For years airlines resented the fees the global distribution systems charged them — a few dollars per segment, collected on every booking, the price of letting the GDS carry their fares to travel agents. New Distribution Capability was the escape route. Build your own connection, sell your content directly in your own format, set your own offers, and you stop paying the GDS to stand in the middle. Most large carriers now run it. Air Canada went furthest in the open: in June 2023 it put a Distribution Cost Recovery surcharge of roughly $20 to $30 on bookings made through legacy GDS channels and exempted its own NDC and direct channels — an explicit attempt to push distribution cost back down the pipe.

But escaping the fee meant inheriting the work. Under the old model the GDS generated the offers and ate the cost of doing it. Under NDC the airline generates every offer itself, on its own systems, in response to every query, whether or not anyone buys.
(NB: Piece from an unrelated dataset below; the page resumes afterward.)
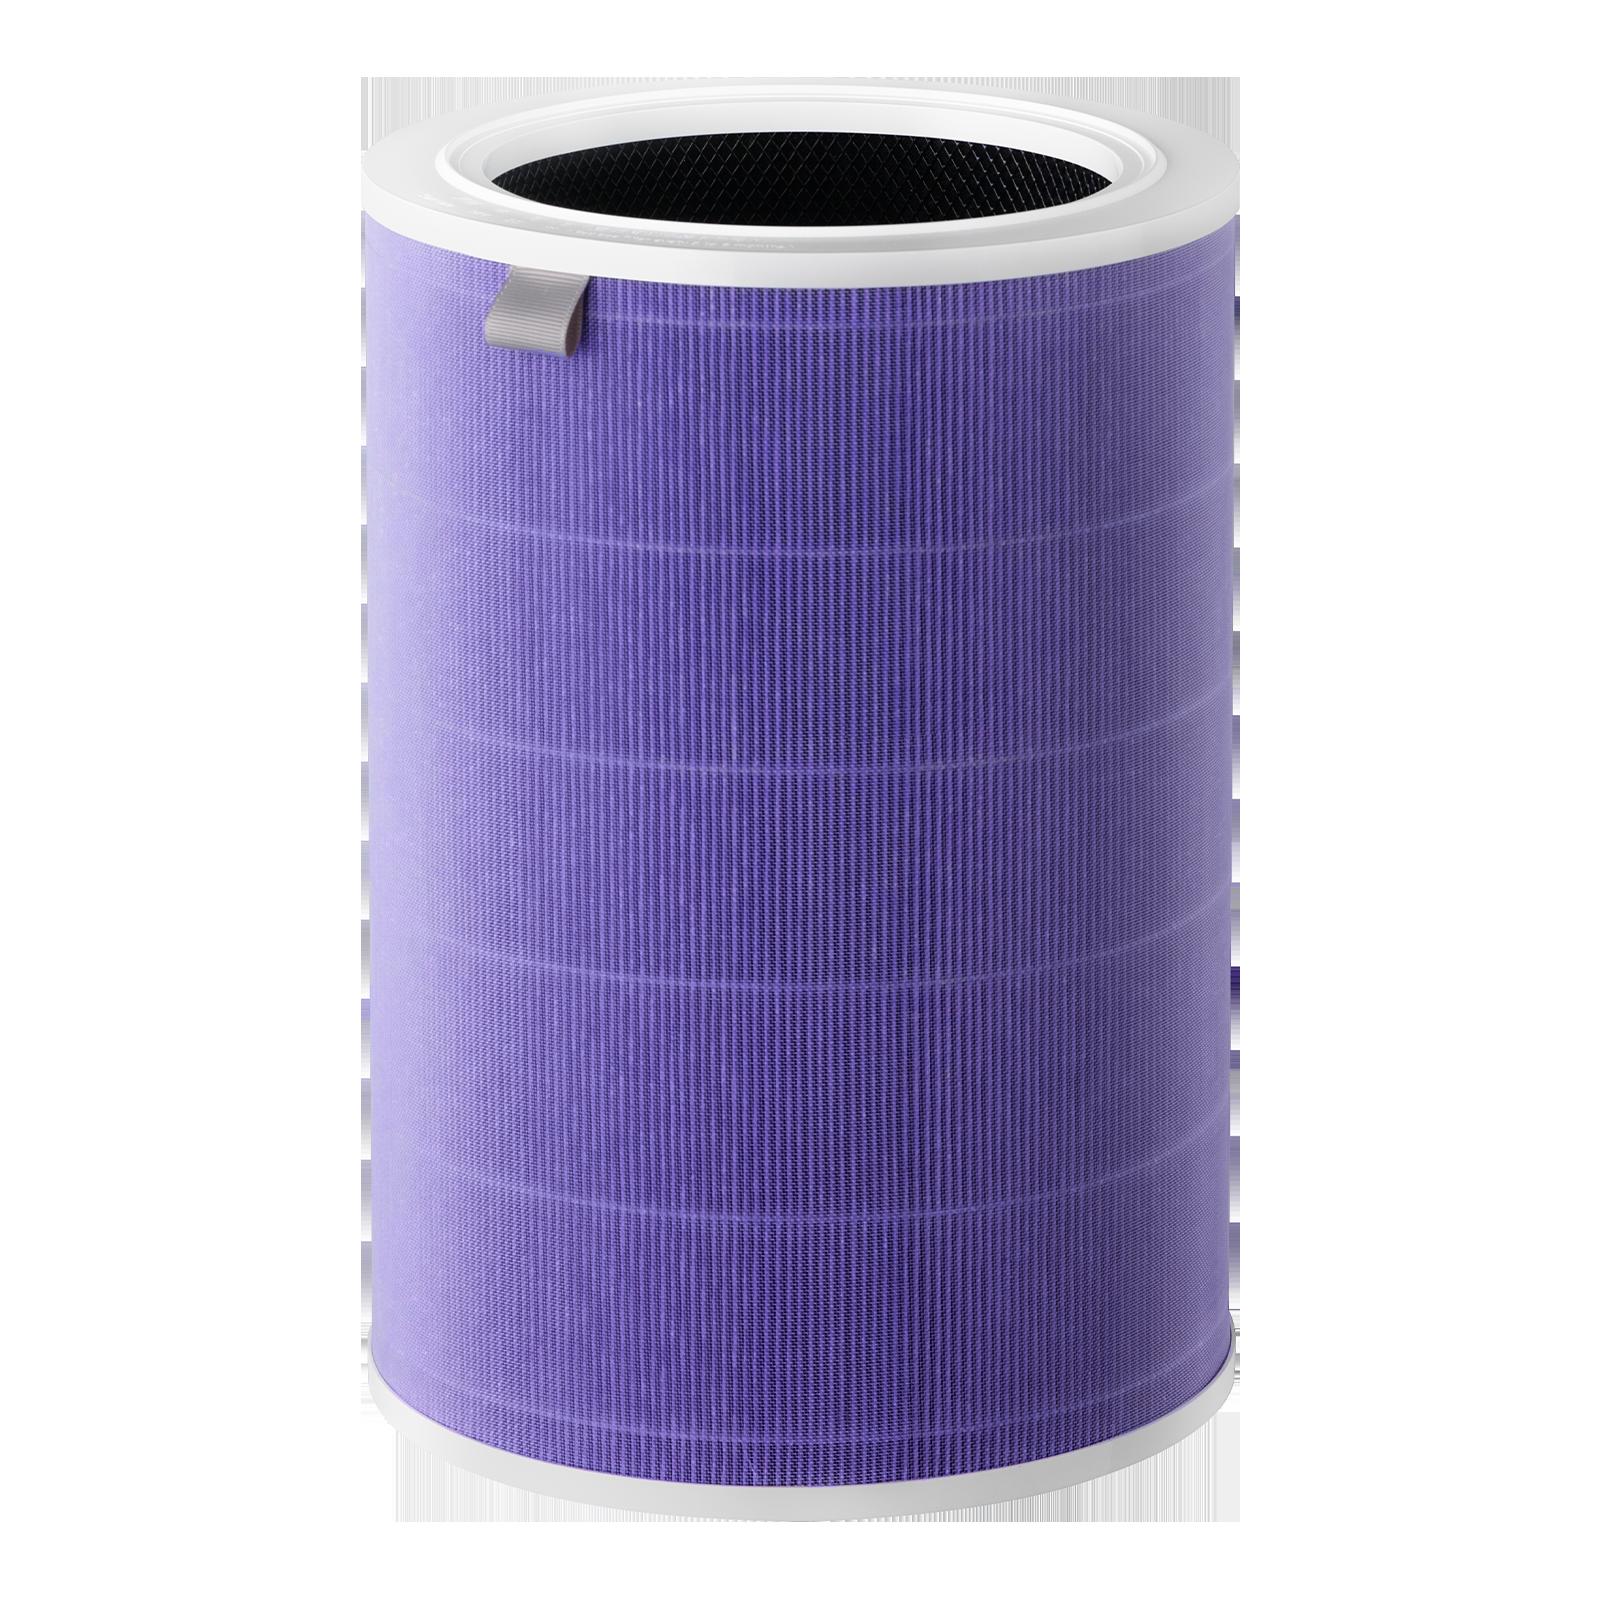 Mi Air Purifier Filter (Antibacterial) Фиолетовый

The carrier took back control of its content and its pricing, and in the same motion took on the cost of being shopped. A per-ticket surcharge does nothing to recover that, because the cost no longer lives on the booking. It lives on the search. You cannot toll a conversion when the searches outnumber it a thousand to one.

Now the same move reaches hotels

The hotel version is arriving now, dressed as liberation.

Every pitch a hotelier hears in 2026 says the same thing: stop renting the OTA's audience, take back the guest relationship, be discoverable and bookable on your own terms. The tools to do it are real and shipping. Amadeus introduced AI Commerce and a Performance Manager for AI search at HITEC, built to make a hotel bookable inside AI-assistant conversations through the hotel's own systems. Lighthouse runs a direct-booking app inside ChatGPT where the hotel is the merchant of record and pays no commission. Corporate platforms like BCD's TripSource now let agents shop hotel inventory through machine interfaces, and direct connections — Spotnana into Premier Inn, and others like it — wire a hotel's rates straight into the places where agents do their shopping.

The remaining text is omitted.